Thursday, February 28, 2019

Quote of the Day (Daniel J. Boorstin, on ‘The Hoaxes We Play on Ourselves’)


“We hardly dare face our bewilderment, because our ambiguous experience is so pleasantly iridescent, and the solace of belief in contrived reality is so thoroughly real. We have become eager accessories to the great hoaxes of the age. These are the hoaxes we play on ourselves.”—Historian and Librarian of Congress Daniel J. Boorstin (1914-2004), The Image: A Guide to Pseudo-Events in America (1961)

Pulitzer Prize winner Daniel J. Boorstin—who died at age 89 on this day 15 years ago in Washington, DC—-first came to my attention through a child’s history of the United States, The Landmark History of the American People: From Plymouth to Appomattox. As an adult, I consumed (with varying degrees of enthusiasm) his trilogy The Americans and a later one on global cultural and intellectual achievement (The Discovers, The Seekers and The Creators). In his 60s and 70s, he also performed admirably as head of the Library of Congress by protecting his institution from the budget wolves and know-nothings of Capitol Hill.

But these days, I think that I will have to read a work of his more contemporary—and, it sounds from the above quote, more farsighted—than even his cogently argued histories: The Image. That analysis described the first stirrings of the celebrity culture that was already taking hold in the early postwar period, a trend that, by being tied to news events created specifically for promotional purposes, would color and distort American journalism and government for the last half-century.

In particular, the “pseudo-event”—which Boorstin described as a promotional tactic designed to elicit news coverage, with a carefully choreographed “script”--has come to mark politics in the Trump Era, as Conor Friedersdorf describes in this piece for The Atlantic in December 2016.

Boorstin’s definition of a “celebrity”-- "a person who is well-known for his well-knownness"—can describe not only Kim Kardashian but Donald Trump, a bankrupt builder who created a spurious reputation as a great deal-making. Trump’s pre-Presidential career climaxed with The Apprentice, “a program on reality TV, the beating heart of the pseudo-events industry, where teams competed in pseudo-projects to avoid being pseudo-fired,” according to Friedersdorf.

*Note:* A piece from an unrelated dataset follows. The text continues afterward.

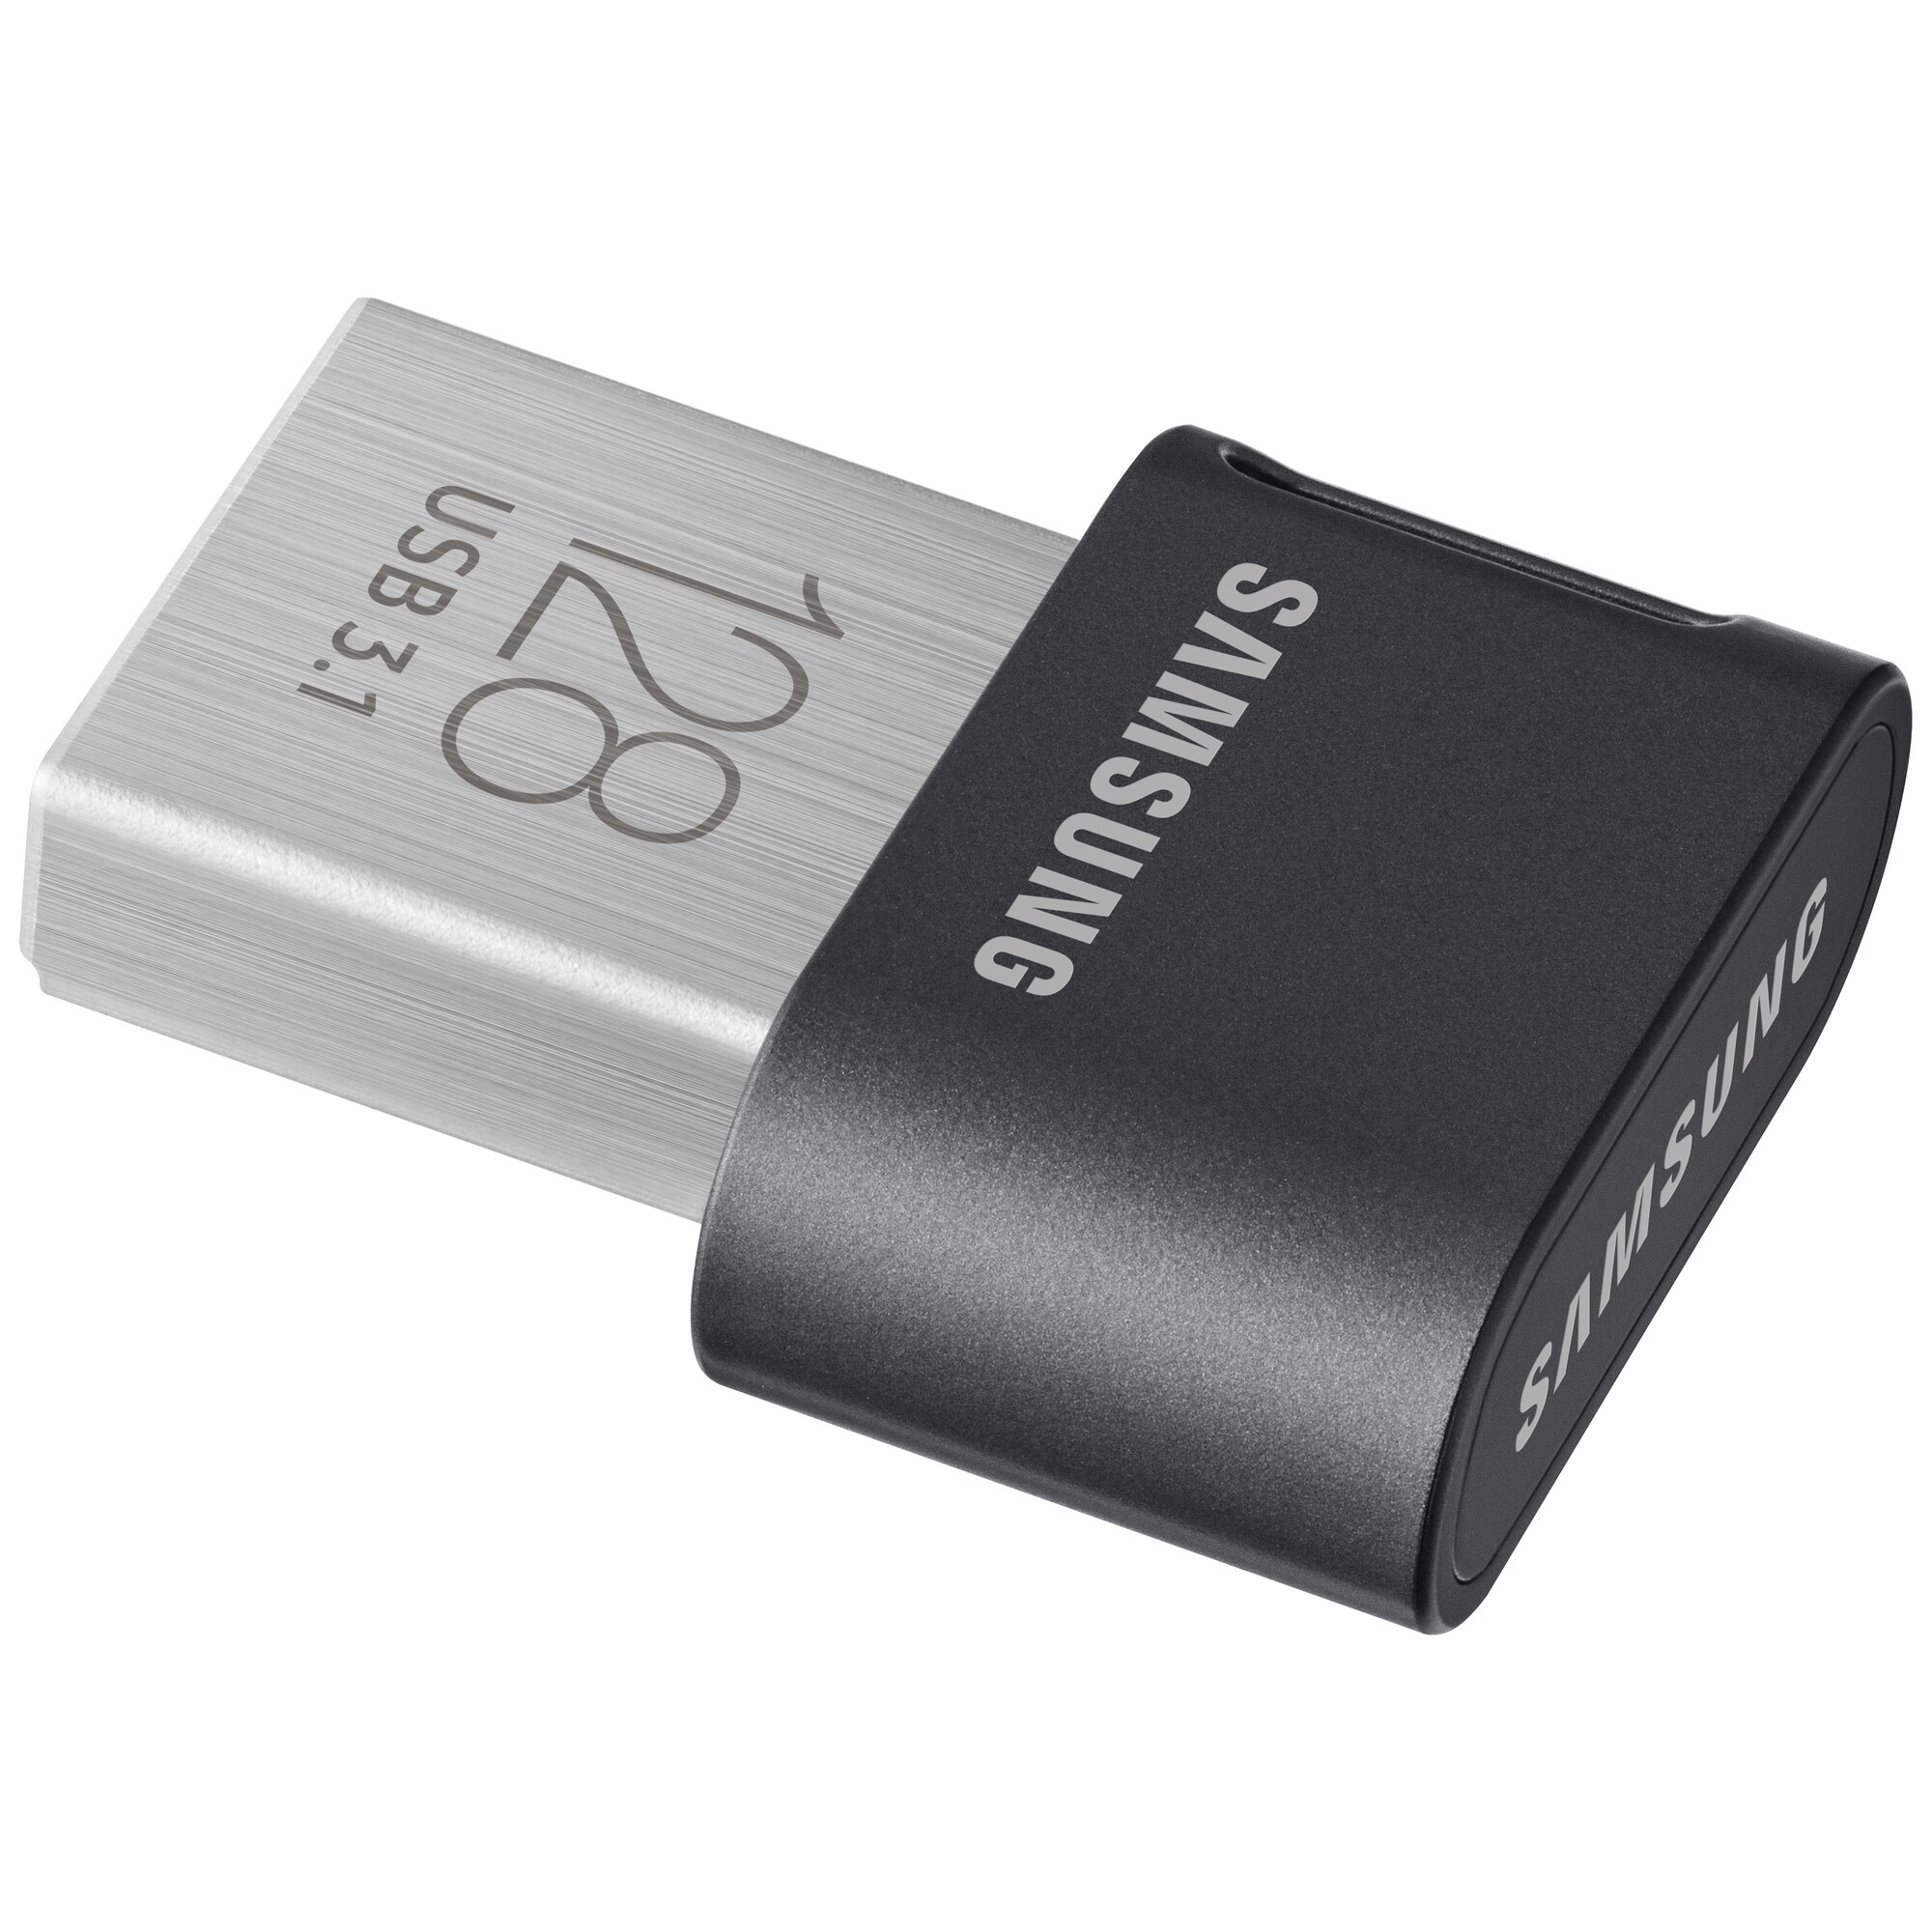 Samsung Fit Plus USB 3.1 USB minne 128 GB - Elgiganten

It bears repeating what Friedersdorf notes about the start of the Trump candidacy: “Trump began the most consequential phase of his political career by declaring his doubts about President Obama’s birth certificate and sending or pretending to send a team of investigators to Hawaii to probe the matter. Roger Ailes would reward him with recurring interview segments on Fox News, each a pseudo-event in itself. On those segments, pseudo-events were discussed by Trump and pseudo-journalists. Among actual journalists, there was deep disagreement about whether Trump’s statements about running for president should be taken seriously.”